This review covers recent results concerning the estimation of large covariance matrices using tools from Random Matrix Theory (RMT). We introduce several RMT methods and analytical techniques, such as the Replica formalism and Free Probability, with an emphasis on the Marchenko-Pastur equation that provides information on the resolvent of multiplicatively corrupted noisy matrices. Special care is devoted to the statistics of the eigenvectors of the empirical correlation matrix, which turn out to be crucial for many applications. We show in particular how these results can be used to build consistent "Rotationally Invariant" estimators (RIE) for large correlation matrices when there is no prior on the structure of the underlying process.

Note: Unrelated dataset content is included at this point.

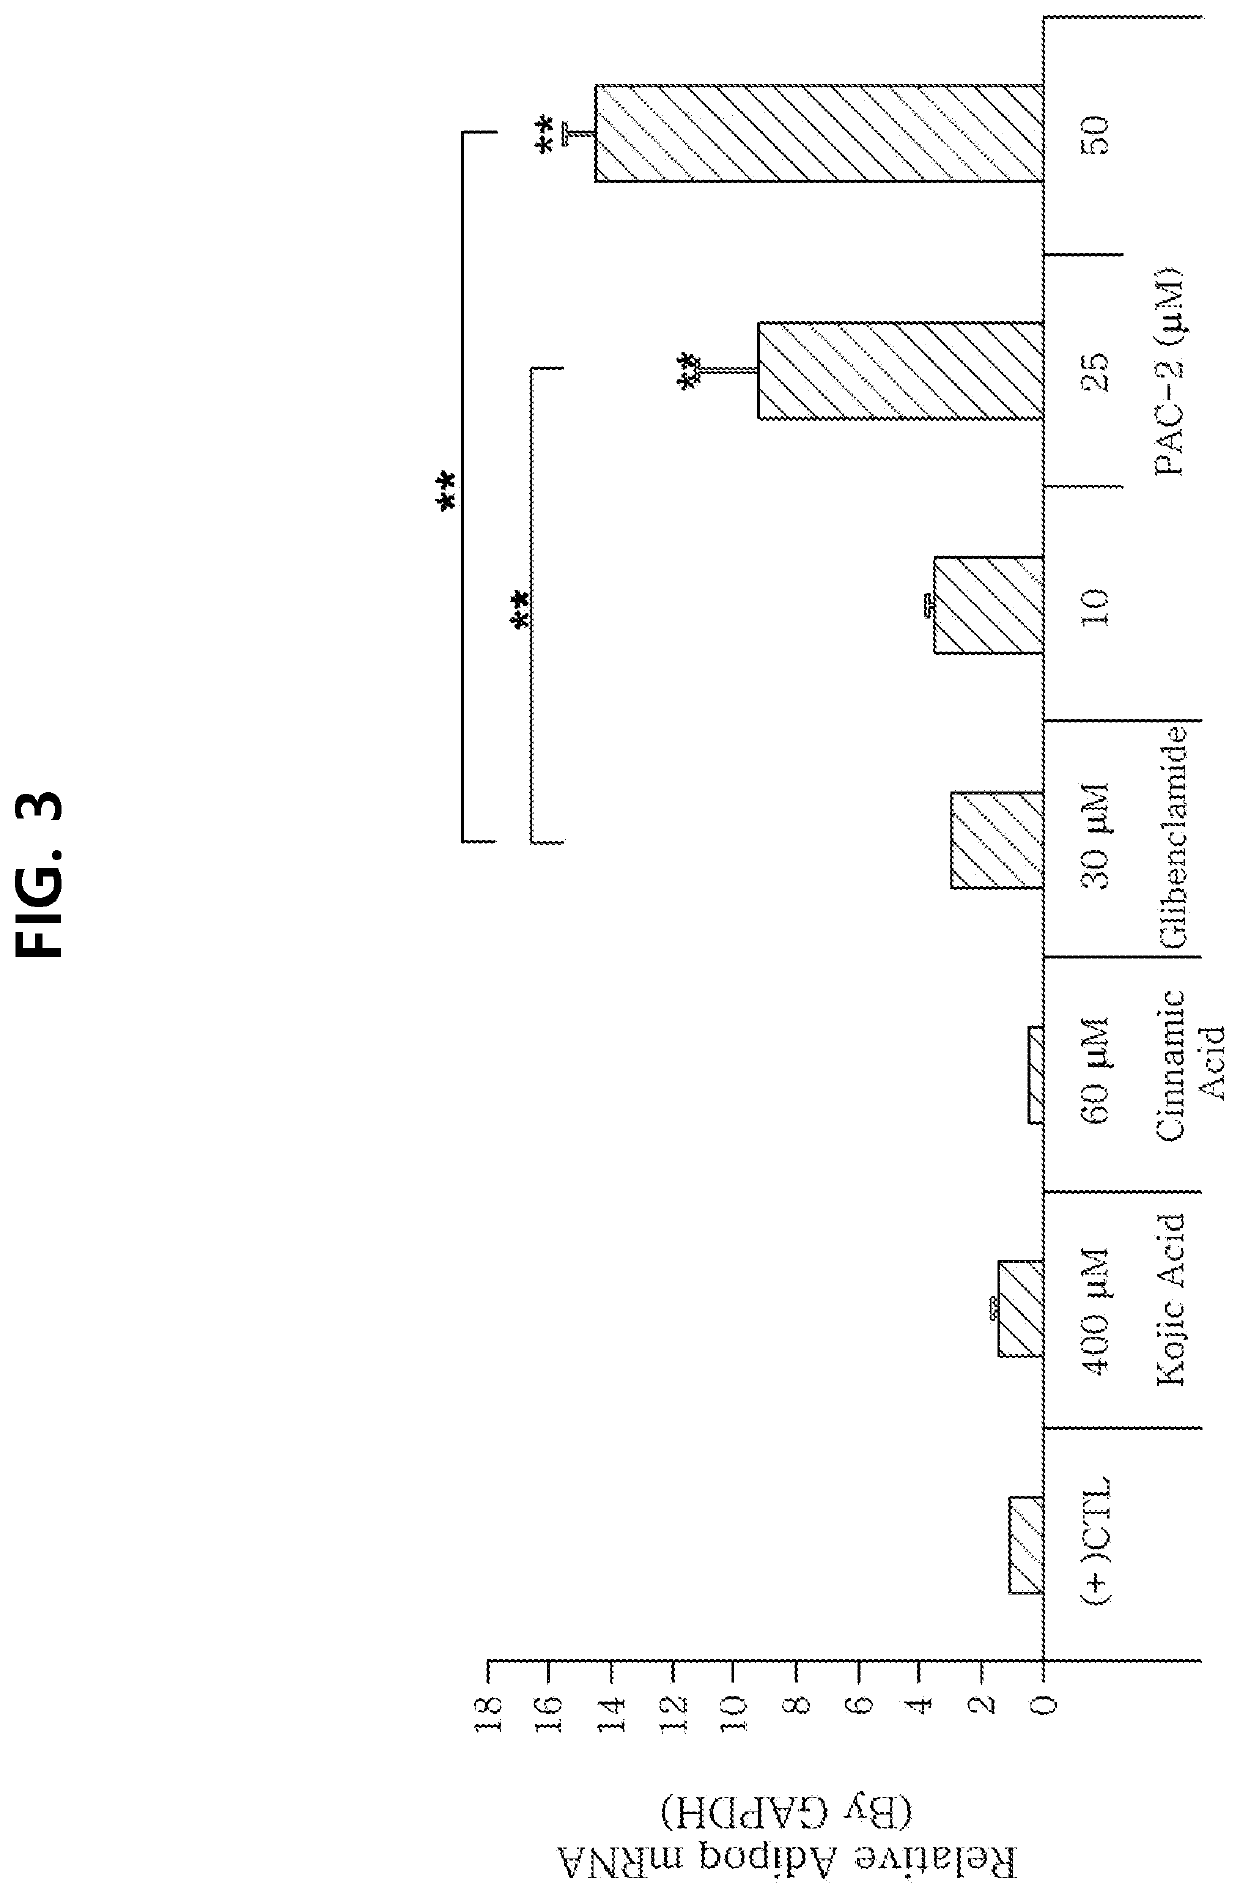 Composition for promoting adipocyte differentiation or adiponectin, comprising trimethoxy phenyl compound

The last part of this review is dedicated to some real-world applications within financial markets as a case in point. We establish empirically the efficacy of the RIE framework, which is found to be superior in this case to all previously proposed methods. The case of additively (rather than multiplicatively) corrupted noisy matrices is also dealt with in a special Appendix. Several open problems and interesting technical developments are discussed throughout the paper.

Suggested Citation

  • Joel Bun & Jean-Philippe Bouchaud & Marc Potters, 2016. "Cleaning large correlation matrices: tools from random matrix theory," Papers 1610.08104, arXiv.org.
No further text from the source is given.